La felicidad de la familia Guerra-Martínez estaba marcada por la sombra de la guerra. Aunque compartían momentos de alegría con su pequeña Ana María, la incertidumbre del futuro y la amenaza constante de la violencia eran como un nubarrón oscuro que se cernía sobre sus cabezas. La paz anhelada aún se encontraba fuera de su alcance, y cada día era una lucha por mantener la normalidad en medio del caos que se desataba más allá de los límites de su hogar.

Desgraciadamente, a pesar de todos los esfuerzos por mantener la violencia y la inseguridad lejos de los terrenos de la hacienda, esta llegó, inesperadamente, una noche familiar como cualquier otra. Mientras, Marianela y el doctor cenaban plácidamente en el comedor y platicaban sobre los avances de la clínica, la cual se pretendía que estuviese lista para principios del siguiente año. 

⎯Posiblemente, tengamos que ir a la ciudad para un abasto de medicinas, así que sería una buena oportunidad para que tu abuela conozca a la niña, ¿no crees? ⎯le comentó Rafael⎯ ¿Le has dicho sobre el nacimiento?

⎯No, y tampoco deseo que se entere ⎯habló con firmeza Marianela y con un tono de amargura⎯. No tengo por qué compartirle mi felicidad a una persona que no deseaba que lo fuese. 

⎯Como tú lo desees ⎯dijo el doctor, sin alegar ni un segundo con ella. Porque en realidad a él también le caía mal la abuela de Marianela, sin embargo, la trataba con respeto por muchas razones que solo tenían que ver con los deberes y la educación de la época. 

Ambos regresaron para disfrutar de la comida, concentrándose en la rica sopa que habían preparado para Marianela, diseñada para mantener su producción de leche. Más tarde, antes de dormir, le servirían un atole de arroz con la esperanza de estimular aún más su lactancia. Marianela lo tomaría con determinación antes de caer rendida al lado de su hija, que descansaba en la pequeña cuna de madera junto a la cama.

De pronto, a lo lejos, se escucharon unas detonaciones que alertaron al doctor. 

⎯¿Qué pasa? ⎯preguntó Marianela, en verdad asustada. 

⎯No lo sé. Puede que sea solo en el camino. ⎯La tranquilizó el doctor. 

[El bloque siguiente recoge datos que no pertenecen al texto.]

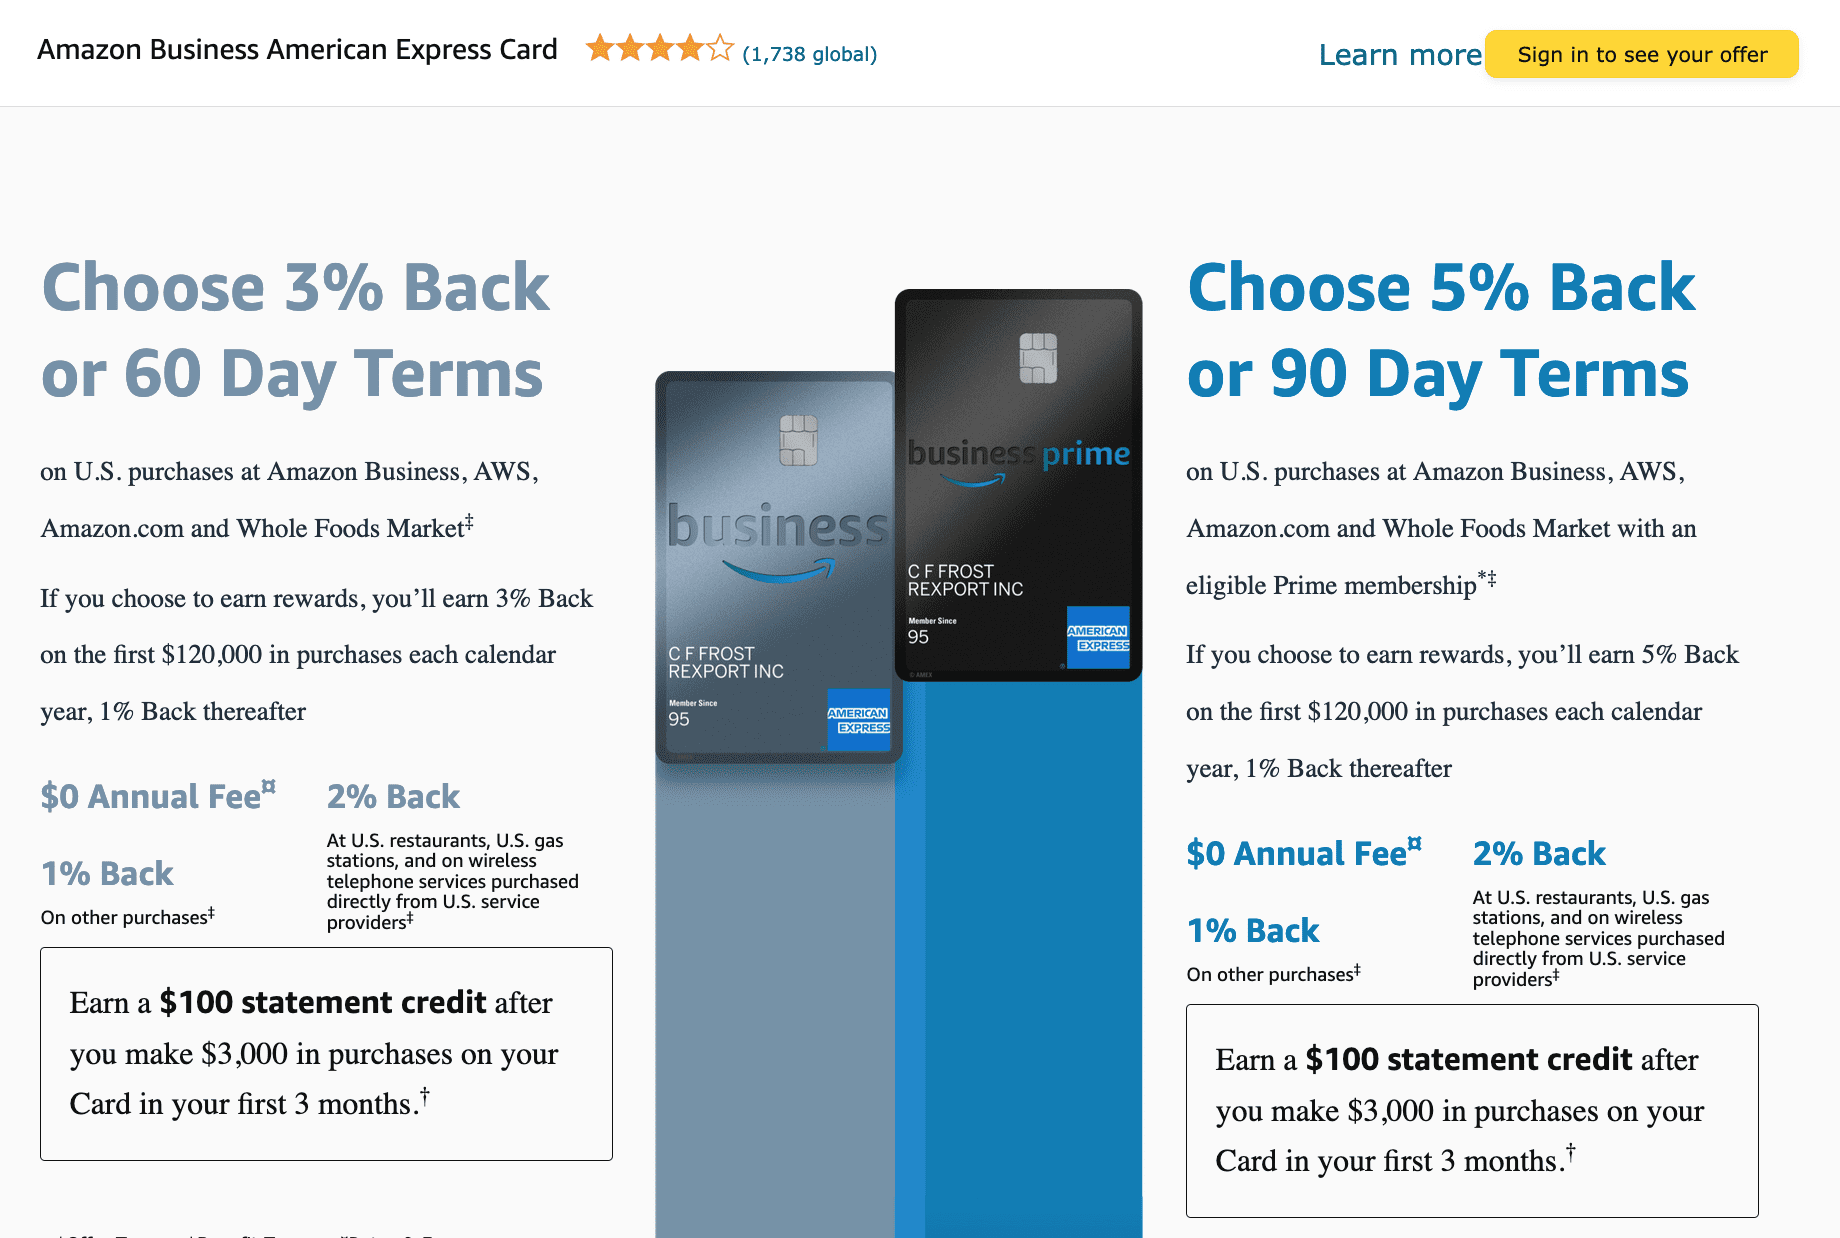 Co-marketing example from Amazon and American Express

Sin embargo, estaba seguro de que las detonaciones estaban más cerca de lo previsto. Lo terminó de comprobar cuando pudo ver claramente el brillo de las armas con sus propios ojos. 

⎯Están dentro ⎯habló con firmeza, y sin pedirle permiso a su mujer la tomó del brazo y la levantó de la silla. 

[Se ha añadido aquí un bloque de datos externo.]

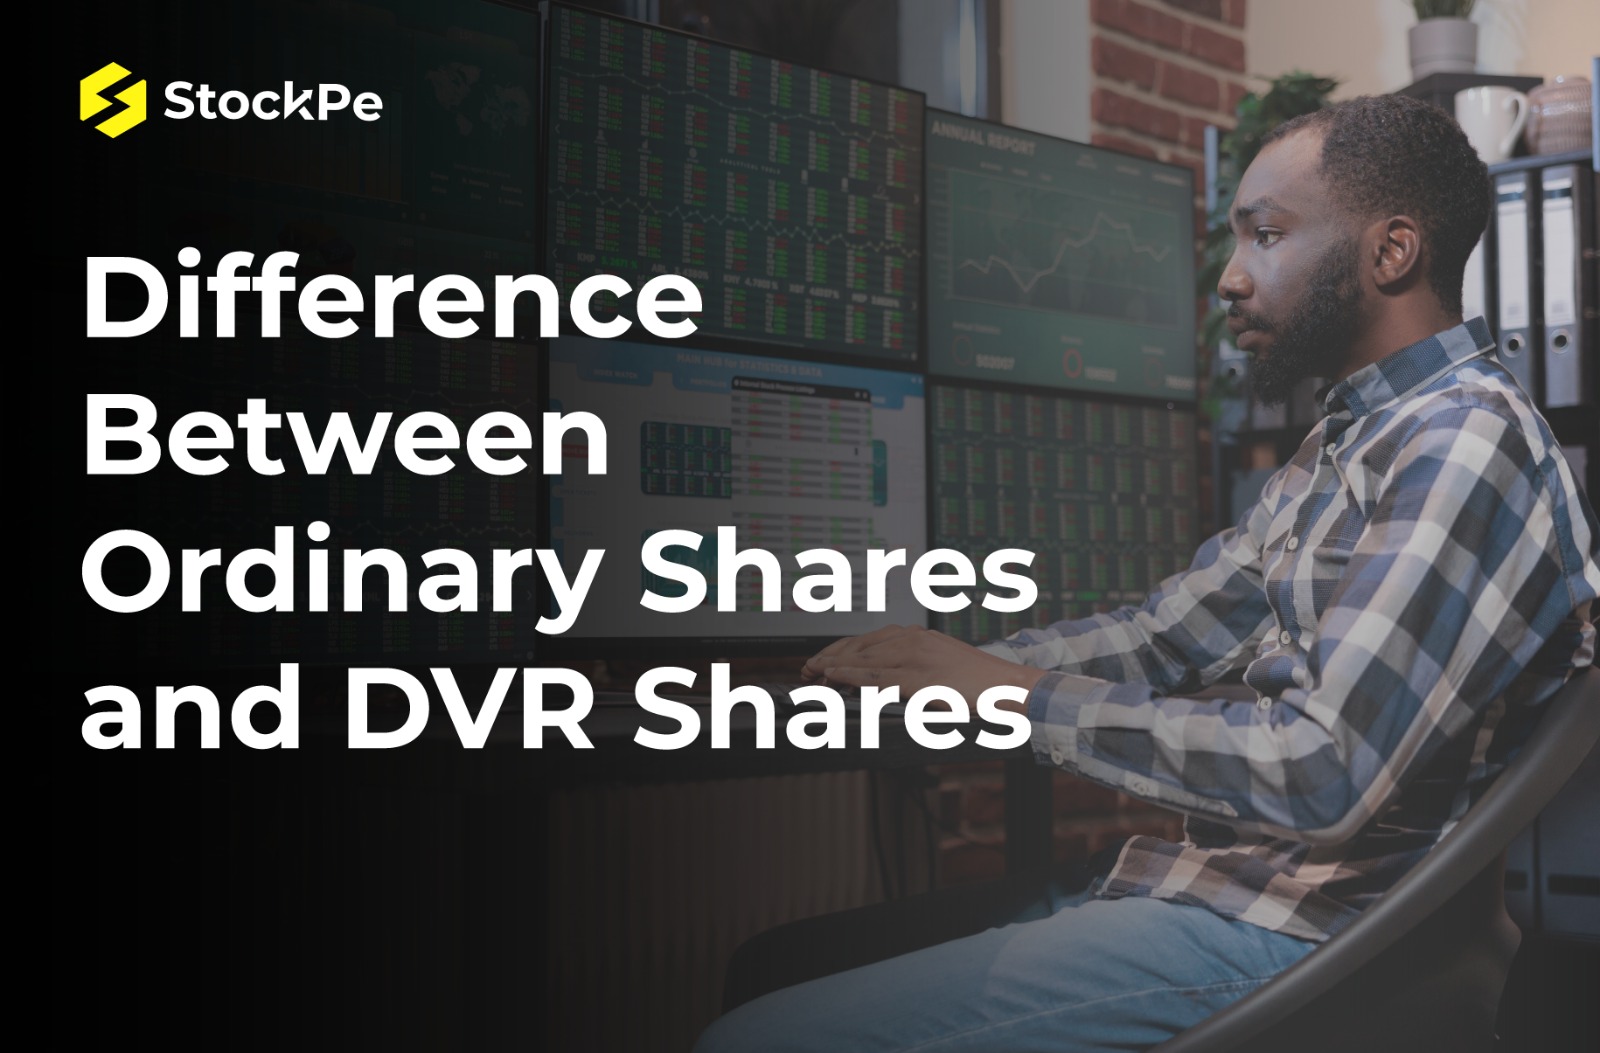 You are currently viewing Difference Between Ordinary Shares and DVR Shares

⎯¿Qué sucede? ⎯preguntó Marianela, con el rostro pálido. 

⎯Vamos arriba. 

⎯Pero… 

Las detonaciones se escuchaban cada vez más cerca. El doctor con el corazón agitado y el miedo en la sangre, llevó a su esposa hacia la habitación y le pidió que tomase a la niña. 

⎯Pero…¿por qué? ⎯expresó Marianela, tomando a la pequeña Ana María entre sus brazos y cubriéndola con una manta tejida. 

⎯Cúbrete tú también ⎯no dijo nada más su marido, mientras observaba por la ventana qué tan lejos podrían venir los malhechores. 

Cuando notó que Marianela ya estaba lista, la tomó de la mano y la sacó de la habitación para que ambos caminaran escaleras abajo. Tan solo llegó a las escaleras, notó como los empleados de la hacienda entraban corriendo a la casa grande y cerraban la puerta principal. 

⎯¿Cuántos son? ⎯preguntó. 

⎯Es una comitiva de 20 patrón, vienen hasta acá ⎯le dijo Aurelio, quien había venido a todo galope a decirle a Rafael lo que sucedía. 

⎯Saca las armas…

⎯Sí, patrón ⎯contestó. 

Después del intercambio de información. Rafael jaló a Marianela, quien llevaba aún dormida a su hija, y la llevó al jardín. 

⎯¿Dónde vamos?

⎯Te esconderé. 

⎯No, yo sé disparar, yo puedo pelear. 

⎯No es cuestión de pelear o no Marianela ⎯le corrigió el doctor. 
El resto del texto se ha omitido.